[Stored entries]
★ ★ ★ ★ ★ ★ ★
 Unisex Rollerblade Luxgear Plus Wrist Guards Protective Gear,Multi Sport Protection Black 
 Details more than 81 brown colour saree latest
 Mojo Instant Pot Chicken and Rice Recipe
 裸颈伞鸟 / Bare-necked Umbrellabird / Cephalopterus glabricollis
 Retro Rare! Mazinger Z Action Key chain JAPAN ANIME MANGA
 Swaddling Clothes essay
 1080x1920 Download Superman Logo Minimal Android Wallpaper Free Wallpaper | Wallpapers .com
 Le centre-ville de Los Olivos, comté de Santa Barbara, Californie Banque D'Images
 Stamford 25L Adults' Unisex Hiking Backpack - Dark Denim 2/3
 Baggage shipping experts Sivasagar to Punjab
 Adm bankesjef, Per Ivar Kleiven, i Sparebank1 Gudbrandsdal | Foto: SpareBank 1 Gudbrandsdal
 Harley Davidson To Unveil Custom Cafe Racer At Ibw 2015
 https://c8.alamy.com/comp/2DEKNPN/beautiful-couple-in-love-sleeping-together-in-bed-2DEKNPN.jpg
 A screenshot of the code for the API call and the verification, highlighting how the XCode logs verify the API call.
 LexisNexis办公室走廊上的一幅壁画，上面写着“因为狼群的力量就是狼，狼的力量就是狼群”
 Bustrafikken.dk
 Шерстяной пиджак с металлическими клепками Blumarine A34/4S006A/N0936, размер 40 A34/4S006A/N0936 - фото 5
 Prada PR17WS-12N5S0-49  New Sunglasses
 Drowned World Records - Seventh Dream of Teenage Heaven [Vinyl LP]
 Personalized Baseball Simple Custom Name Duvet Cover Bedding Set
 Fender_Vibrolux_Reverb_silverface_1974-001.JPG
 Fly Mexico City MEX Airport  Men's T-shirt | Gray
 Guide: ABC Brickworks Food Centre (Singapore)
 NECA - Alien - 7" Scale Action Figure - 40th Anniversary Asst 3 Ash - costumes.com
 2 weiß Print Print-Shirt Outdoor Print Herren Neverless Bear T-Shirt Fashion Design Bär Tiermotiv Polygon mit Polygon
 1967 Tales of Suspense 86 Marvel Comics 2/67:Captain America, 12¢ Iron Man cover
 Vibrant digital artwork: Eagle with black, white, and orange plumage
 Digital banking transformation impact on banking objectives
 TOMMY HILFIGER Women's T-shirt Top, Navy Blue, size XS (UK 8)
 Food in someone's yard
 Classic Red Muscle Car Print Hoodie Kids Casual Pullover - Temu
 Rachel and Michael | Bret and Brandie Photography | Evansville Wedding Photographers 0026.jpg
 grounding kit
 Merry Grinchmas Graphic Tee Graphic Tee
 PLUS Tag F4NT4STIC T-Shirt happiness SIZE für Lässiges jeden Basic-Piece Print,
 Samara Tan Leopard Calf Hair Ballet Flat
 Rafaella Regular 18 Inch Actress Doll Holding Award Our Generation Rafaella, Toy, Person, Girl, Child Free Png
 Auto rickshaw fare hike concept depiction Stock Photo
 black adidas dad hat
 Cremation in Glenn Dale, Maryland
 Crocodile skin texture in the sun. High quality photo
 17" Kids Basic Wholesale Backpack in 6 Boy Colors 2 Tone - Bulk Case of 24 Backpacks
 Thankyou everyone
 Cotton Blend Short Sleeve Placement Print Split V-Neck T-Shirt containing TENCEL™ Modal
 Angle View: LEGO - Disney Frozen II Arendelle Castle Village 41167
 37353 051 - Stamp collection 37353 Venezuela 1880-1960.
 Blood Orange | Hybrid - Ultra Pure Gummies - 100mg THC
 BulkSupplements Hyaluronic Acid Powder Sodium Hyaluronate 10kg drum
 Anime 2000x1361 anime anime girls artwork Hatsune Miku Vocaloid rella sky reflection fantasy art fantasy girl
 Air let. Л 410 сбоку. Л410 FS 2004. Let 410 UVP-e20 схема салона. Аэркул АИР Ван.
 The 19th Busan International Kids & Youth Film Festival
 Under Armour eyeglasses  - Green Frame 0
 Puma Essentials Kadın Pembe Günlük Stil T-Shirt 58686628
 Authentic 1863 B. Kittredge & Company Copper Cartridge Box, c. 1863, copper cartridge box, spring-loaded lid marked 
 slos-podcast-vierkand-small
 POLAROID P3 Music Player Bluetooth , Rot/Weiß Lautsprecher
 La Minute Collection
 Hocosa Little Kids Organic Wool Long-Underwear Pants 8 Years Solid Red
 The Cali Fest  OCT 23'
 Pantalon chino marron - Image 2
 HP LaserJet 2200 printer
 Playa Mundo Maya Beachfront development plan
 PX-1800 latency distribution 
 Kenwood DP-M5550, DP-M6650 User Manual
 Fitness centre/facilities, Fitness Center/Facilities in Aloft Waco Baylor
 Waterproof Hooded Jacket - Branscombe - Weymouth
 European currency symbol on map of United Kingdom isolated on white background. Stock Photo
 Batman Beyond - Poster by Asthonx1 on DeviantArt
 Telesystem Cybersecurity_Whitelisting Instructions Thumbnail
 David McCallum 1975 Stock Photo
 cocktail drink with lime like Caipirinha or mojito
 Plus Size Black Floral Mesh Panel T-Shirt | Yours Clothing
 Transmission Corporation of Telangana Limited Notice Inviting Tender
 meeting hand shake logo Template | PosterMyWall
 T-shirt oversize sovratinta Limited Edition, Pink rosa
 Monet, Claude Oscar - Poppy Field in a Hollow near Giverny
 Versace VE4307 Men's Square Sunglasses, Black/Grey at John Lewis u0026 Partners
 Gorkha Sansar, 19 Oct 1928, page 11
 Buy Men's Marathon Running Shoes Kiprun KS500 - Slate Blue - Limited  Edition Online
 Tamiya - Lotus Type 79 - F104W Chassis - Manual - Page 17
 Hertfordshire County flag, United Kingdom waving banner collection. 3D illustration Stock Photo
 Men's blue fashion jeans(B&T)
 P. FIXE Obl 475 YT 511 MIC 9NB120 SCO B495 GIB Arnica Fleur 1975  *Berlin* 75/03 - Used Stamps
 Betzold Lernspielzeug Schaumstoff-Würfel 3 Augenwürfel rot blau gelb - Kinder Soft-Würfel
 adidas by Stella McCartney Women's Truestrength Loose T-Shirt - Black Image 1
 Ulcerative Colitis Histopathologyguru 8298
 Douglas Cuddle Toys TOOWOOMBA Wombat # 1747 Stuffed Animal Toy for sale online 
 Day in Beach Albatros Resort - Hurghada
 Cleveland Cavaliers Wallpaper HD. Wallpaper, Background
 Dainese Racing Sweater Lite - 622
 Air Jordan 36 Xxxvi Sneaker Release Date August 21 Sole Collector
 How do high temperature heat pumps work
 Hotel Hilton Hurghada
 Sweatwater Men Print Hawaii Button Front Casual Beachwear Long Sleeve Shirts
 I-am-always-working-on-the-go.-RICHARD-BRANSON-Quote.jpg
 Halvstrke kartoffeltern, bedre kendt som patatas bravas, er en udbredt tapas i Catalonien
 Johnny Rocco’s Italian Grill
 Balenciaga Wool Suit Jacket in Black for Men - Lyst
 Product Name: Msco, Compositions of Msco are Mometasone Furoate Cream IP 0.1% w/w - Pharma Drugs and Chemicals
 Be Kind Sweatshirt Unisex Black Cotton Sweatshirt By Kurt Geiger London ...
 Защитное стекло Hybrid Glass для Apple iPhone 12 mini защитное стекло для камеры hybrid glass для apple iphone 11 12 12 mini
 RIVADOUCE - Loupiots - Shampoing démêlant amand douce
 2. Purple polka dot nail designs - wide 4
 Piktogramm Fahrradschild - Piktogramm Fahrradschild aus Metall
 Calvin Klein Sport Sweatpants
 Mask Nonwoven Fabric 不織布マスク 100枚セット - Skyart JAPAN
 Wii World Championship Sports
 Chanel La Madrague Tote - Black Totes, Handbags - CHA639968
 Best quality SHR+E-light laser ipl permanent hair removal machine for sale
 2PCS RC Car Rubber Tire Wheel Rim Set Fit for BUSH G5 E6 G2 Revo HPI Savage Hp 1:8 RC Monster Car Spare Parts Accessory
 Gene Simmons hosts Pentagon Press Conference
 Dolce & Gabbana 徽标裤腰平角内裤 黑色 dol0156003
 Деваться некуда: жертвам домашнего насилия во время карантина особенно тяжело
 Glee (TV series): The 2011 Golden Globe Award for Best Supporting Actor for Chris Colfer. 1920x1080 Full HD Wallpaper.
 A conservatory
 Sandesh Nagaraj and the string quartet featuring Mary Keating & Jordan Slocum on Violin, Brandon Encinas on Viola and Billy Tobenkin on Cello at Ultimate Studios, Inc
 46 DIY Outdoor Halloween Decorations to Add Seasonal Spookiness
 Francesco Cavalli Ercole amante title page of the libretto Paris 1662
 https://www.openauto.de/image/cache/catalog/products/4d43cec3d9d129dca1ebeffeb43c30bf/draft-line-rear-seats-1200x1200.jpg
★ ★ ★ ★ ★ ★ ★
Could you reproduce, exactly, every line above from the line with "David McCallum 1975 Stock Photo" to the line with "Balenciaga Wool Suit", and no other line? Both ends count.

 David McCallum 1975 Stock Photo
 cocktail drink with lime like Caipirinha or mojito
 Plus Size Black Floral Mesh Panel T-Shirt | Yours Clothing
 Transmission Corporation of Telangana Limited Notice Inviting Tender
 meeting hand shake logo Template | PosterMyWall
 T-shirt oversize sovratinta Limited Edition, Pink rosa
 Monet, Claude Oscar - Poppy Field in a Hollow near Giverny
 Versace VE4307 Men's Square Sunglasses, Black/Grey at John Lewis u0026 Partners
 Gorkha Sansar, 19 Oct 1928, page 11
 Buy Men's Marathon Running Shoes Kiprun KS500 - Slate Blue - Limited  Edition Online
 Tamiya - Lotus Type 79 - F104W Chassis - Manual - Page 17
 Hertfordshire County flag, United Kingdom waving banner collection. 3D illustration Stock Photo
 Men's blue fashion jeans(B&T)
 P. FIXE Obl 475 YT 511 MIC 9NB120 SCO B495 GIB Arnica Fleur 1975  *Berlin* 75/03 - Used Stamps
 Betzold Lernspielzeug Schaumstoff-Würfel 3 Augenwürfel rot blau gelb - Kinder Soft-Würfel
 adidas by Stella McCartney Women's Truestrength Loose T-Shirt - Black Image 1
 Ulcerative Colitis Histopathologyguru 8298
 Douglas Cuddle Toys TOOWOOMBA Wombat # 1747 Stuffed Animal Toy for sale online 
 Day in Beach Albatros Resort - Hurghada
 Cleveland Cavaliers Wallpaper HD. Wallpaper, Background
 Dainese Racing Sweater Lite - 622
 Air Jordan 36 Xxxvi Sneaker Release Date August 21 Sole Collector
 How do high temperature heat pumps work
 Hotel Hilton Hurghada
 Sweatwater Men Print Hawaii Button Front Casual Beachwear Long Sleeve Shirts
 I-am-always-working-on-the-go.-RICHARD-BRANSON-Quote.jpg
 Halvstrke kartoffeltern, bedre kendt som patatas bravas, er en udbredt tapas i Catalonien
 Johnny Rocco’s Italian Grill
 Balenciaga Wool Suit Jacket in Black for Men - Lyst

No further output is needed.